Sometimes it is good to use offshore companies

Sometimes it makes sense to use an offshore registered company to carry out UK trading and investment activities.Even though such a company is likely to end up being subject to UK corporation tax this does not stop it being a non-UK asset for the purposes of UK inheritance tax.

Inheritance Tax Recap (Recap 1)

  • Individuals are generally subject to UK IHT on any UK situs assets that they own on death – irrespective of domicile position.

Non-UK Domiciled Recap (Recap 2)

  • UK resident, non-domiciled individuals can receive dividends from non-UK tax resident companies on which they only pay tax on a remittance basis (but they may have to pay a remittance basis charge).
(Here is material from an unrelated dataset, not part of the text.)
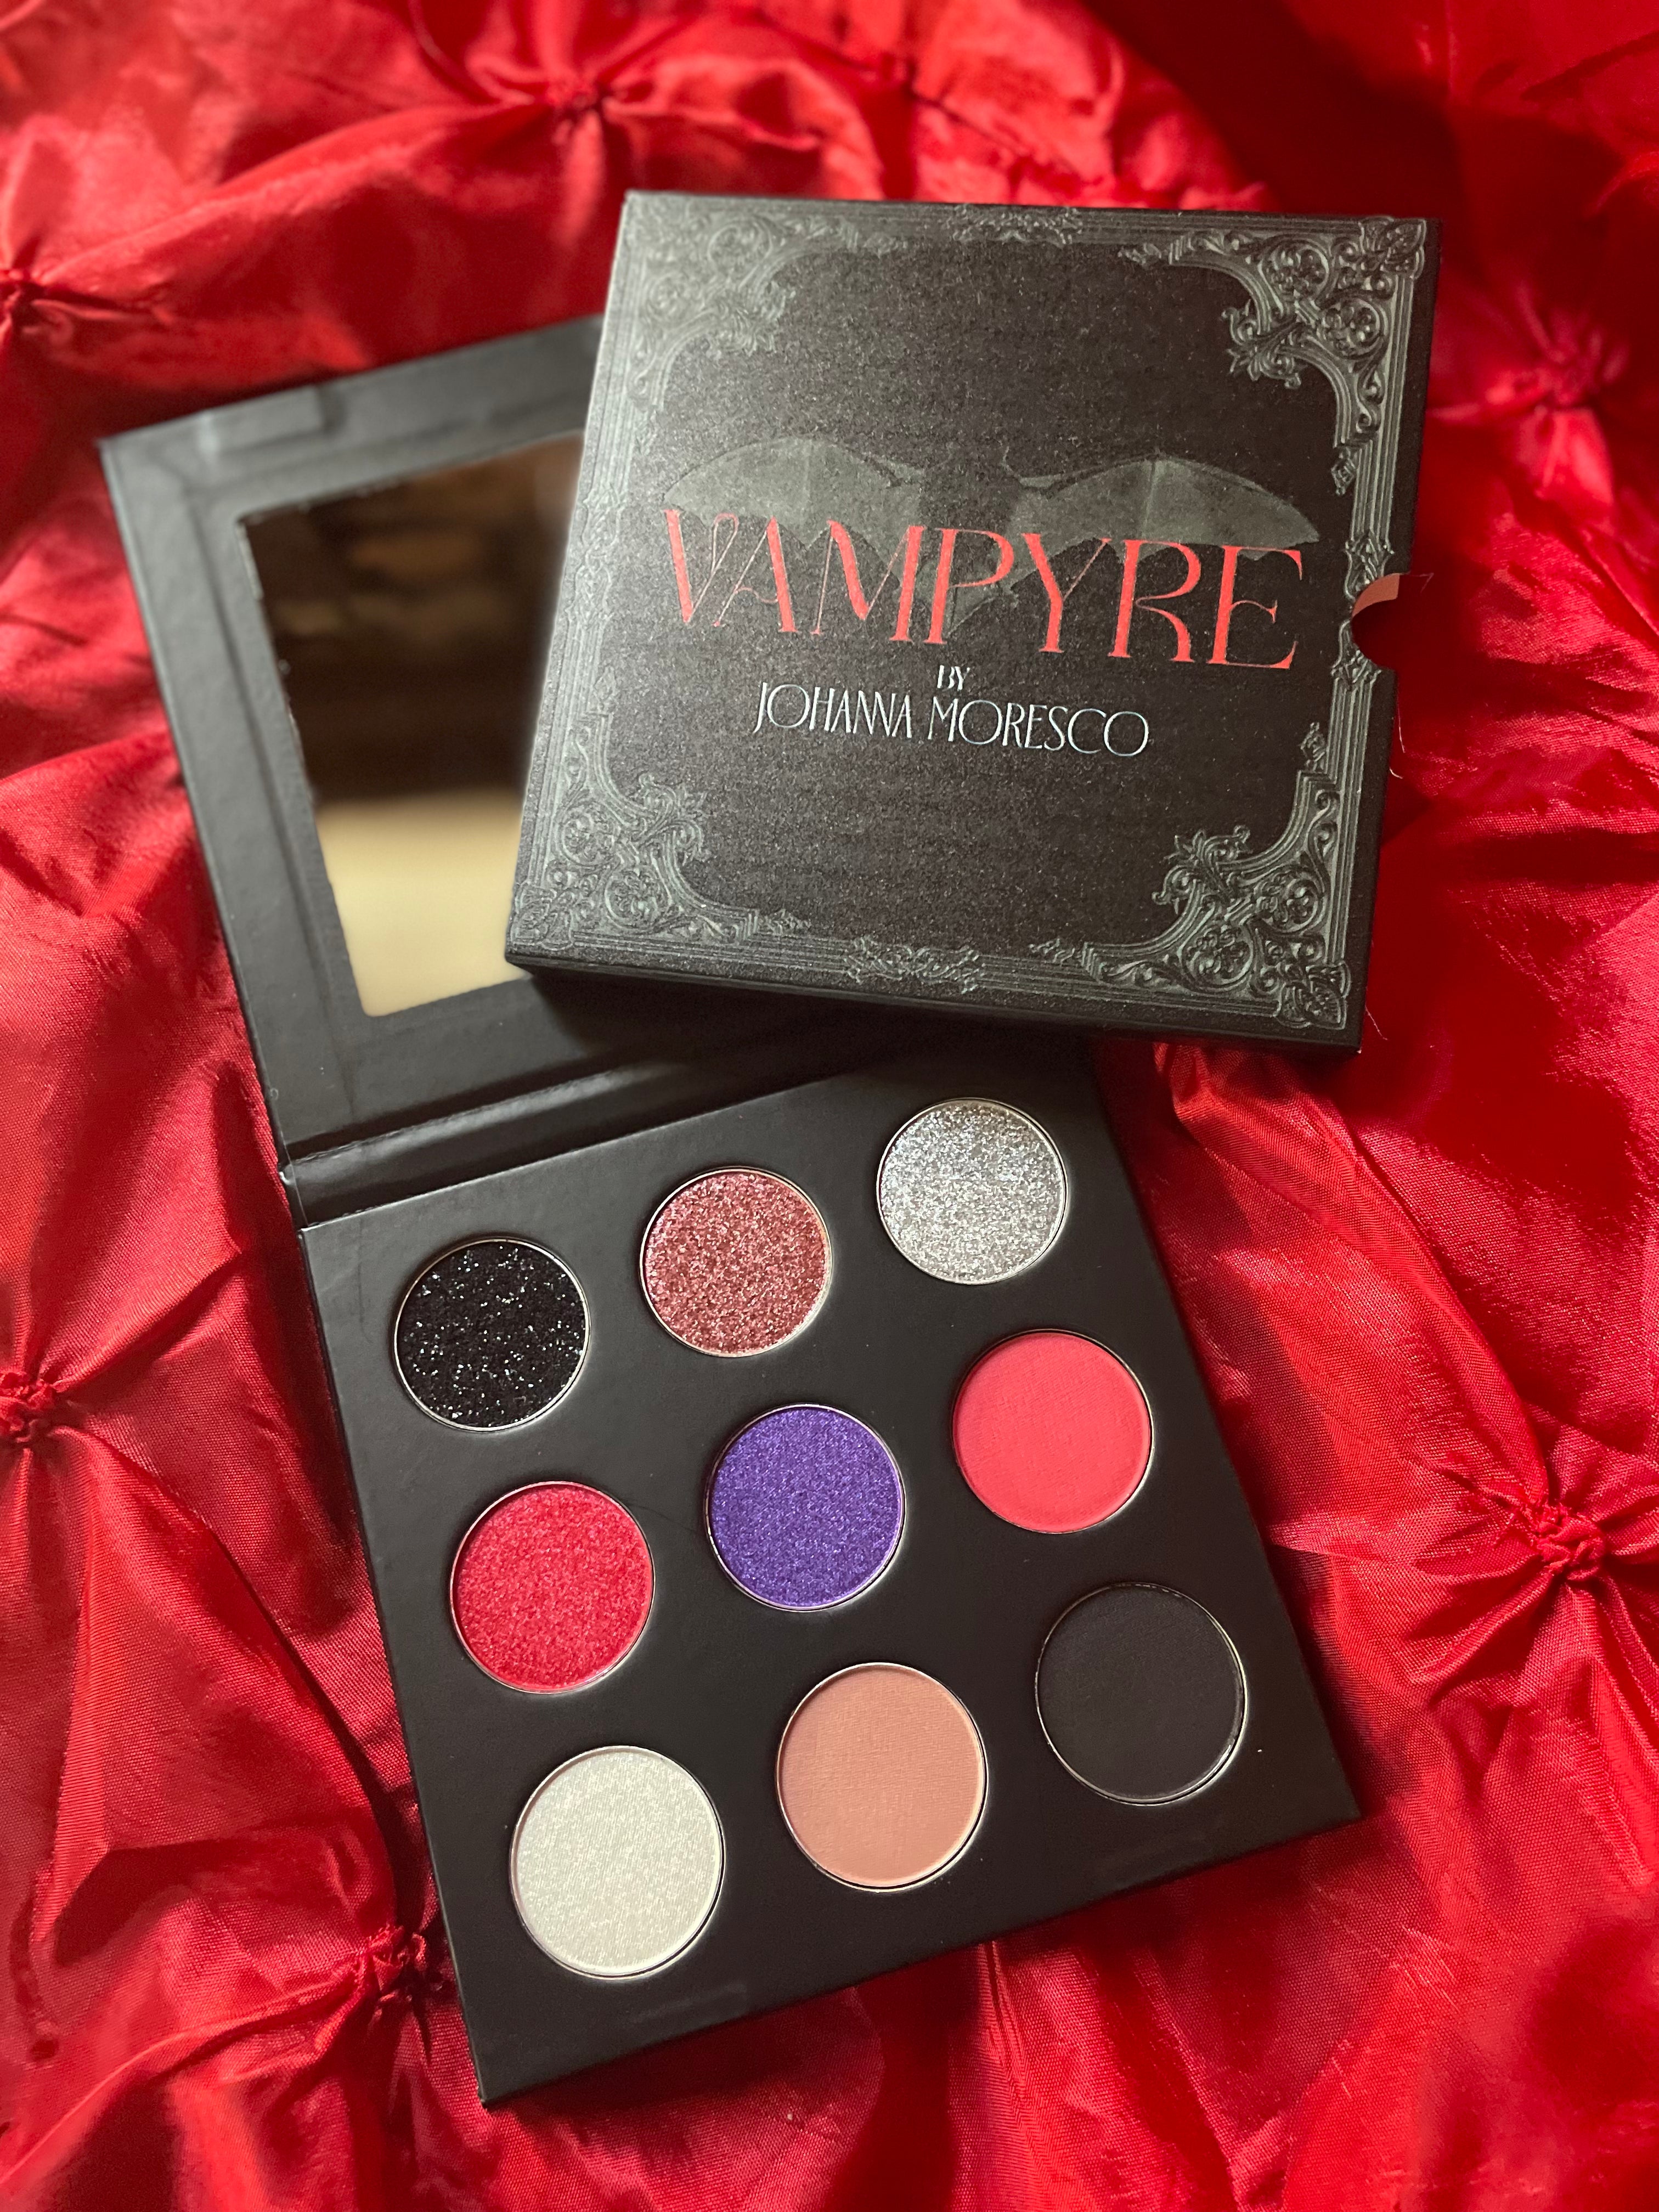 Vampyre: By JoHanna Moresco Cosmetics — JoHanna Moresco

Using offshore companies to carry out UK trading and investment activities will prevent the companies comprising UK assets in Recap 1 and potentially mitigate IHT.
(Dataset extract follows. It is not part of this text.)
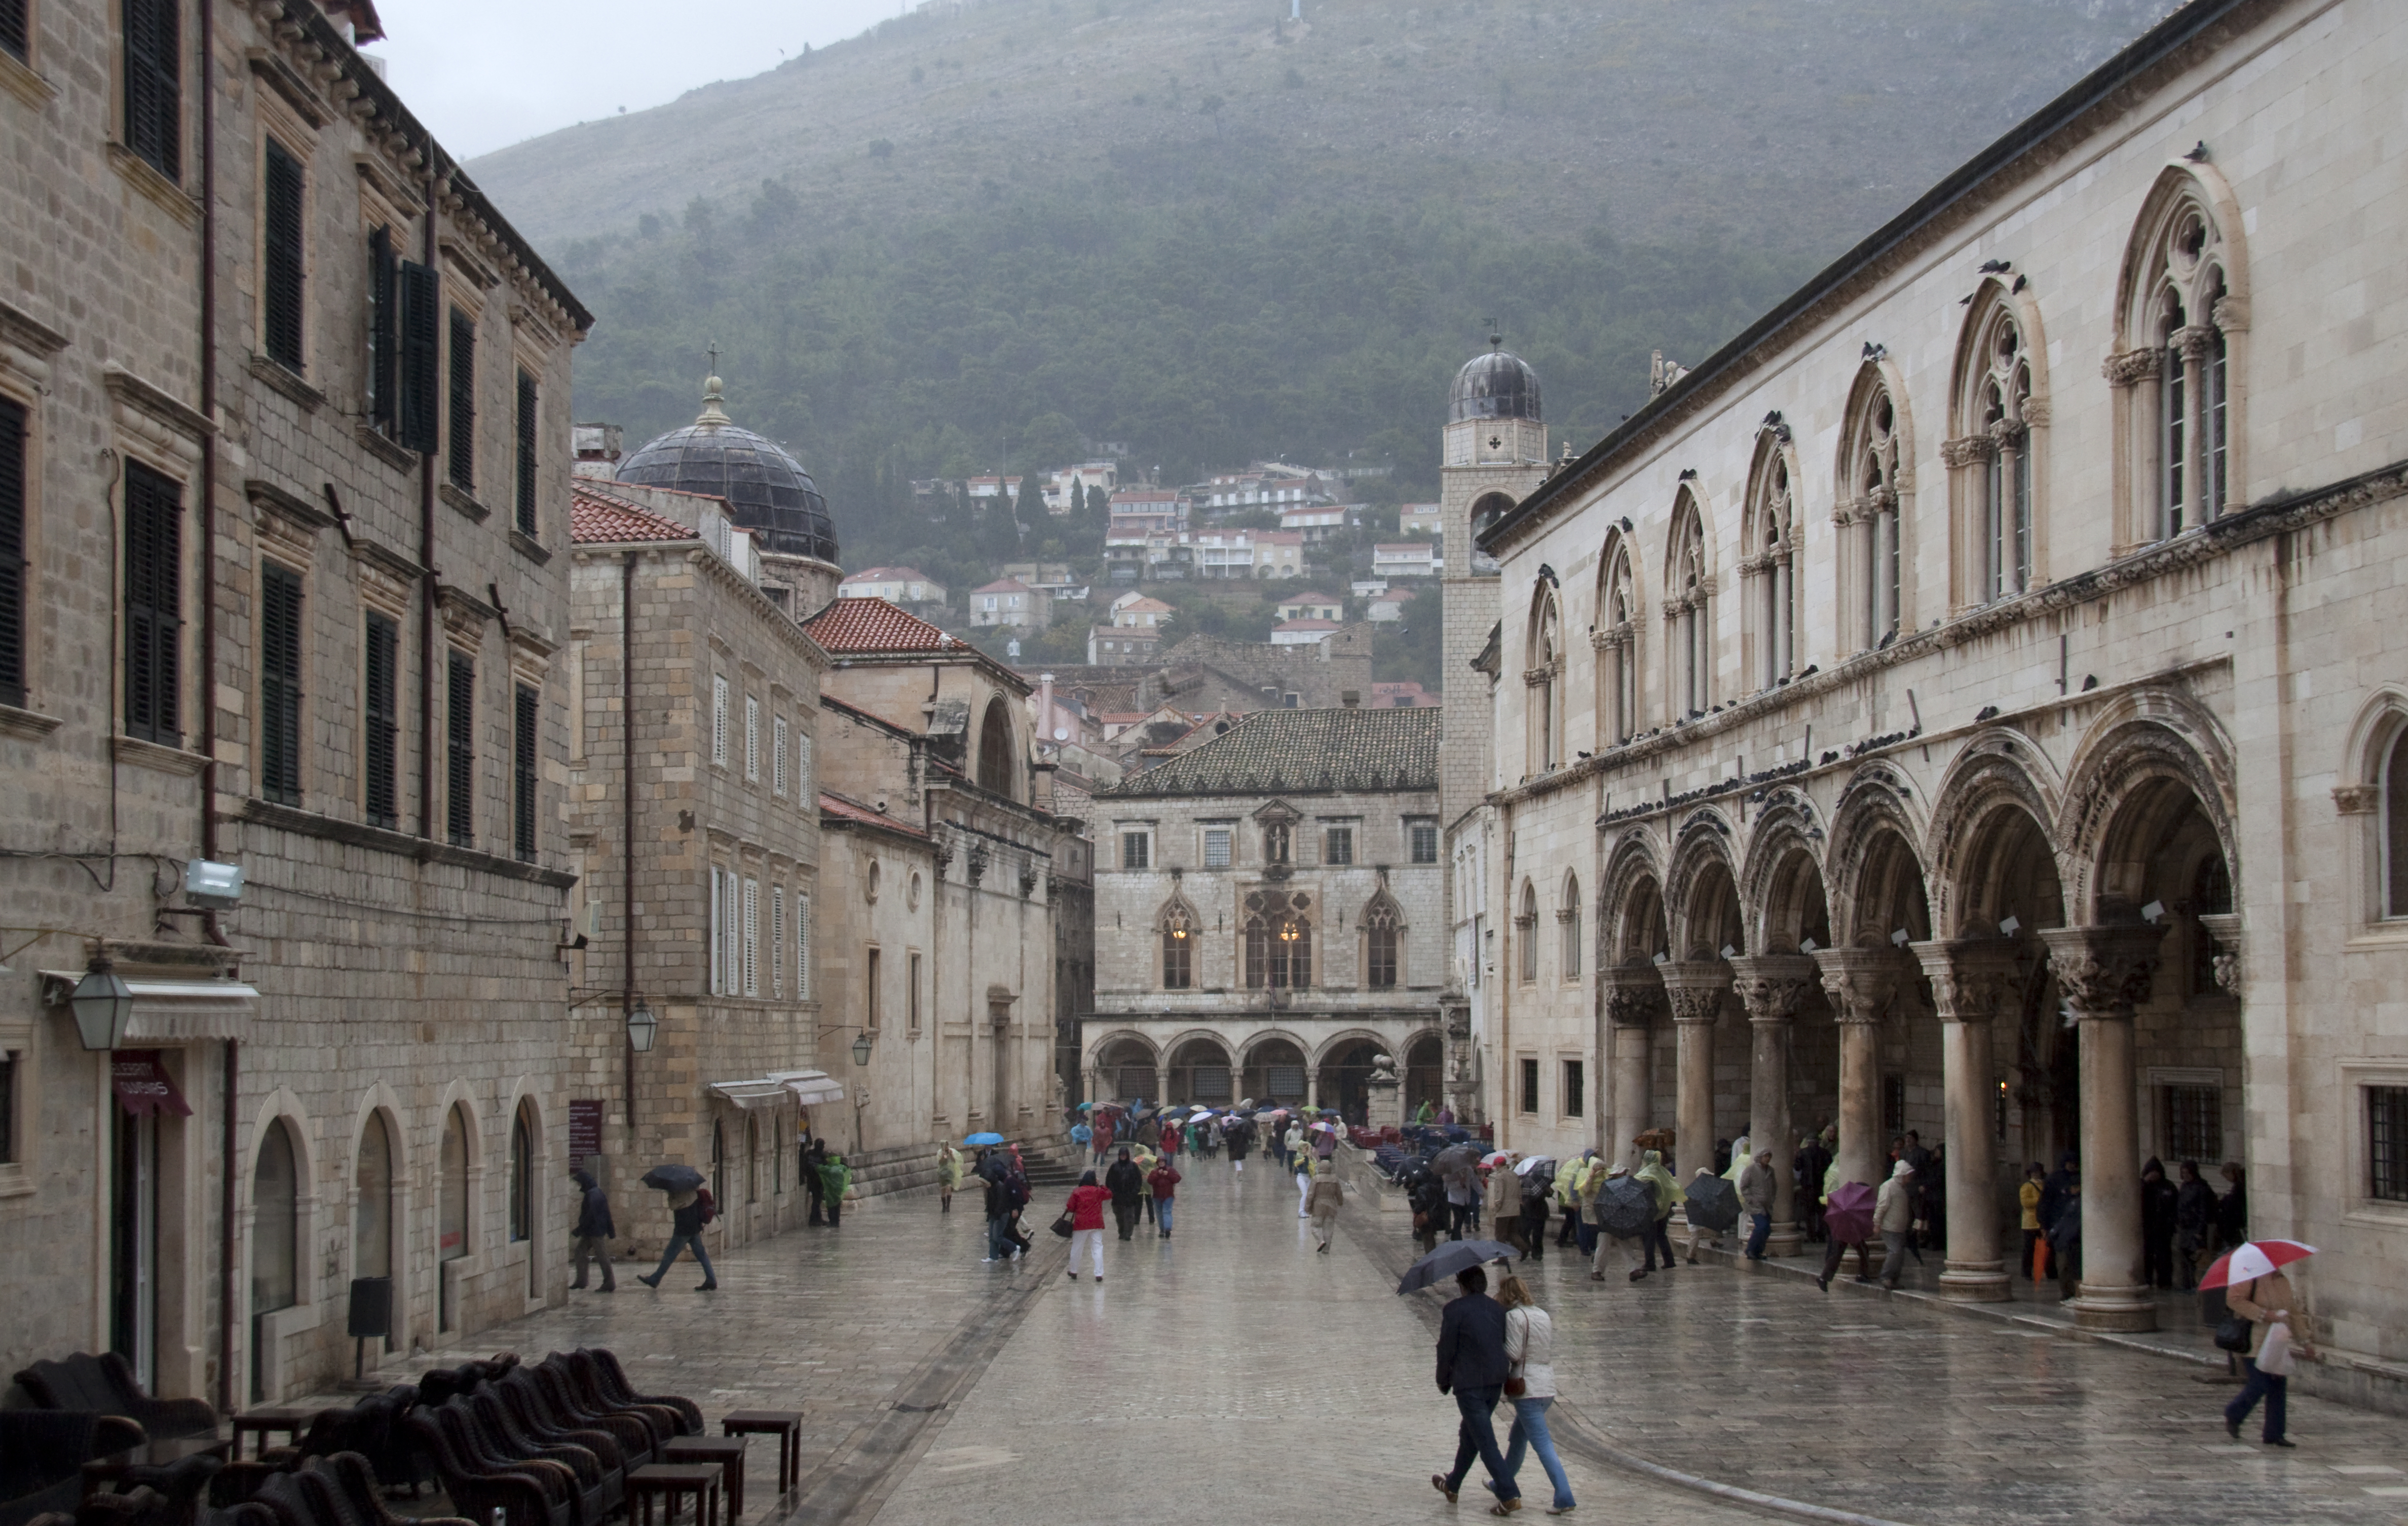 Pred_Dvorom_Old_Town_Dubrovnik_(4058285865).jpg

There is, however, a common misconception that using an offshore company will mean that any dividends which are paid from it will have a non-UK source. This is incorrect. Dividends will only have a non-UK source in cases where the company is not UK tax resident. This will usually be the case where it can be shown that central management and control takes place outside the UK. In cases where this is viable there may therefore also be income tax advantages.

The take home message is that it is not always appropriate from a tax perspective to use UK registered companies to undertake commercial activities based in the UK.